Because information has to be carried by structures, it is lost when the carriers disperse (second energy law). Therefore, emergy is required to maintain information.… So in the long run, maintaining information requires a population operating an information copy and selection circle …. The information copies must be tested for their utility. Variation occurs in application and use because of local differences and errors. Then the alternatives that perform best are selected, and the information of the selected systems is extracted again. Many copies are made so that the information is broadly shared and used again, completing the loop. In the process, errors are eliminated, and improvements may be added in response to the adaptation to local variations.

— H.T. Odum (2007, 88)

The information process, which is the ‘application and use’ of “stored” or potential information to actually inform the guidance system, is the crucial part of this copy and selection circle; ‘the ability to retrieve and use information is rapidly diluted as the number of stored information items increases. To accumulate information without selection is to lose its use’ (Odum 2007, 241).

Idiomatics

While there is no private language (Wittgenstein), every natural language abounds in idioms (from the Greek word meaning private) – expressions whose specific usage is not derivable from the logos of the language. In fact any particular usage of an expression may occupy any position along a spectrum running from fully public to fully private. Idioms, jargon and slang are perhaps signs of the propensity of cultures to articulate themselves as subcultures, and of people to identify themselves as members of a group by adopting the group’s articulation habits.

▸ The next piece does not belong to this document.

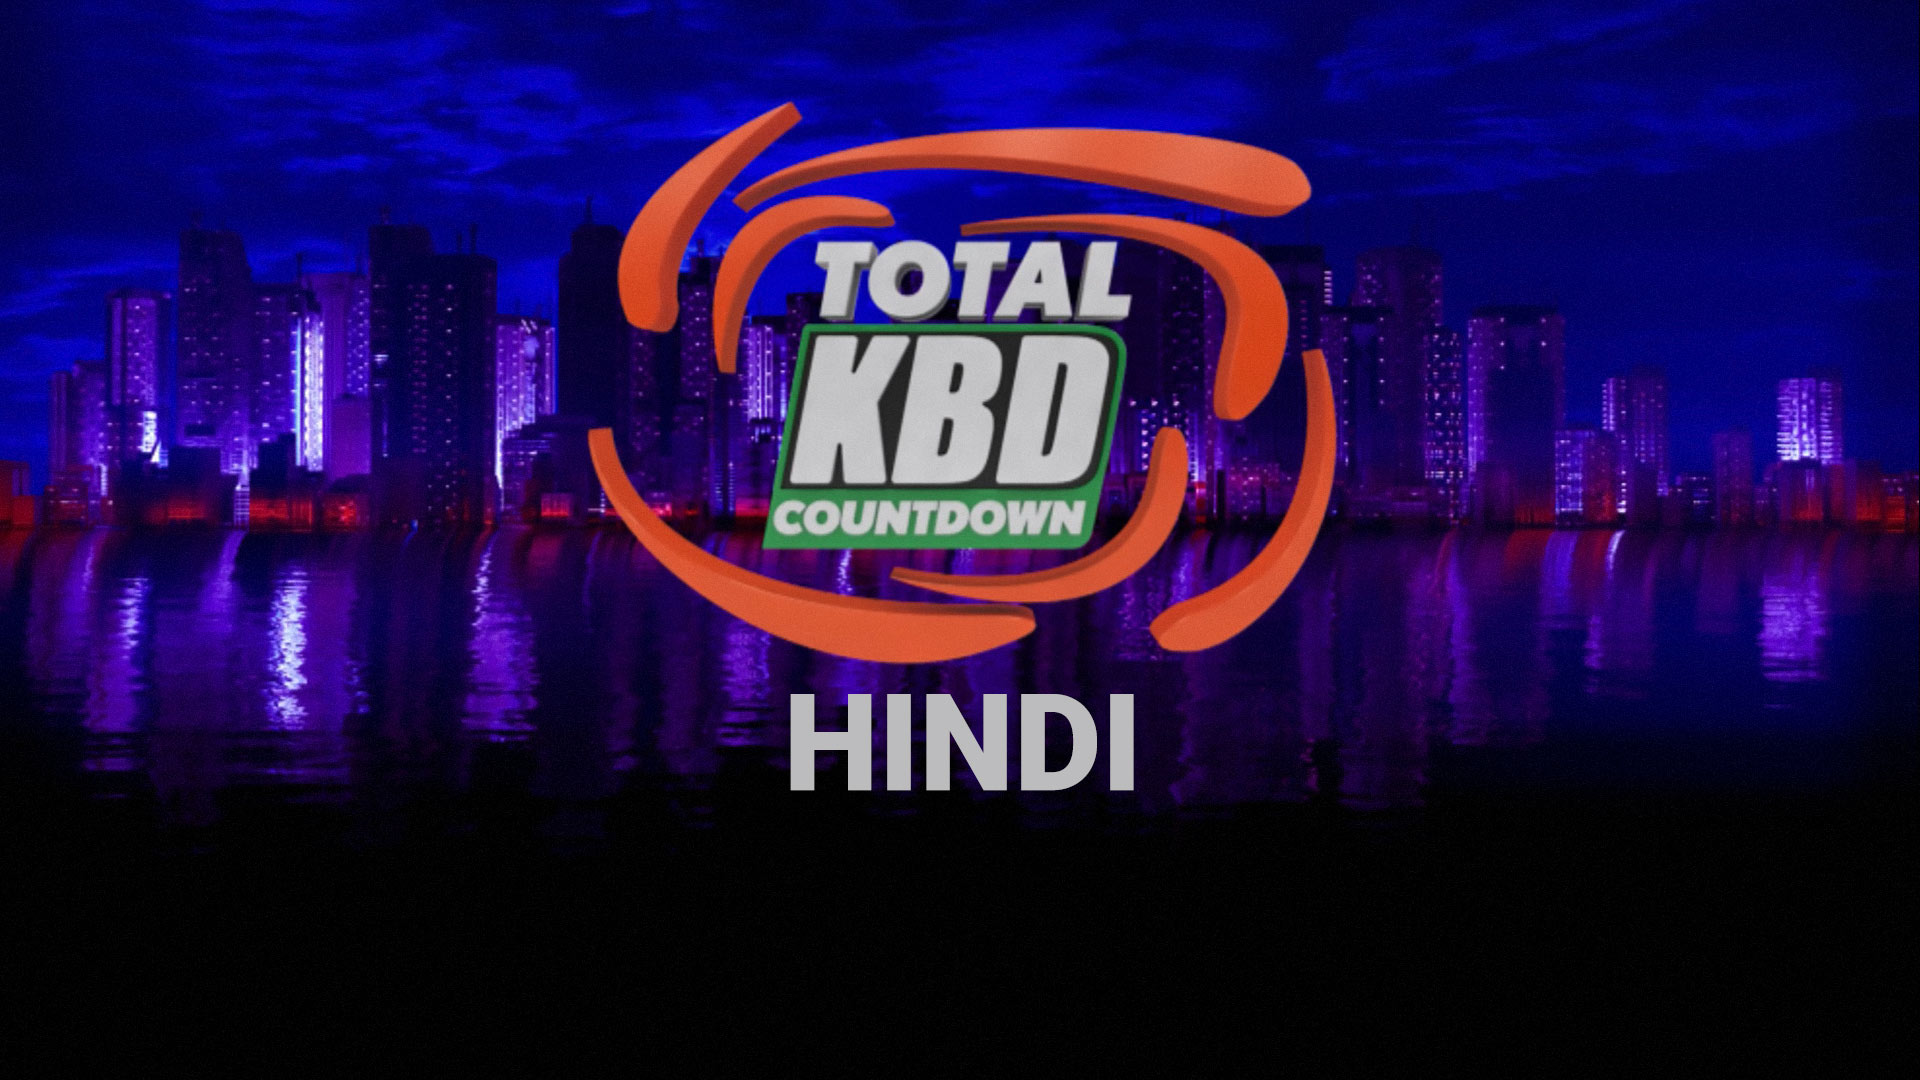 KBD Countdown 2019 Hindi

Looking at language itself is like looking at a mirror rather than at the reflection in a mirror, or looking at a window rather than through it: the phenomenon of language ceases to be transparent and we focus on its dynamics rather than those of “the world.” This can raise its automatic functions into consciousness and restore the immediacy of the habits we have taken for granted.

For instance, we can look at familiar idioms which we normally use automatically, and try to trace their peculiar logic back to the root. Consider the English expression “back and forth”: why is it not “forth and back”? Do we normally imagine that kind of motion as beginning with the return? Maybe we do: perhaps an irreversible “going forth” is the default kind of motion, as it were, and only when this is interrupted by a “coming back” do we notice a distinctive pattern – which we then call “back-and-forth.”

But then why do we say that someone tumbles “head over heels”? Taken “literally,” this expression would be equivalent to “upside up”; “upside down” (or “downside up”) would be better expressed as “heels over head.” Well, maybe the idiom is dominated by the dynamic (rather than the static positional) sense of over – as in “fall over,” “turn over” etc. – and we simply ignore the order of the nouns.

There’s an element of chance in any evolutionary process, including historical changes of word meaning; idiomatic and conventional expressions are full of ‘frozen accidents.’ Some accidents are more likely, more ‘motivated,’ than others (Lakoff 1987, Sweetser 1990), but all are unruly to some degree, as is life itself.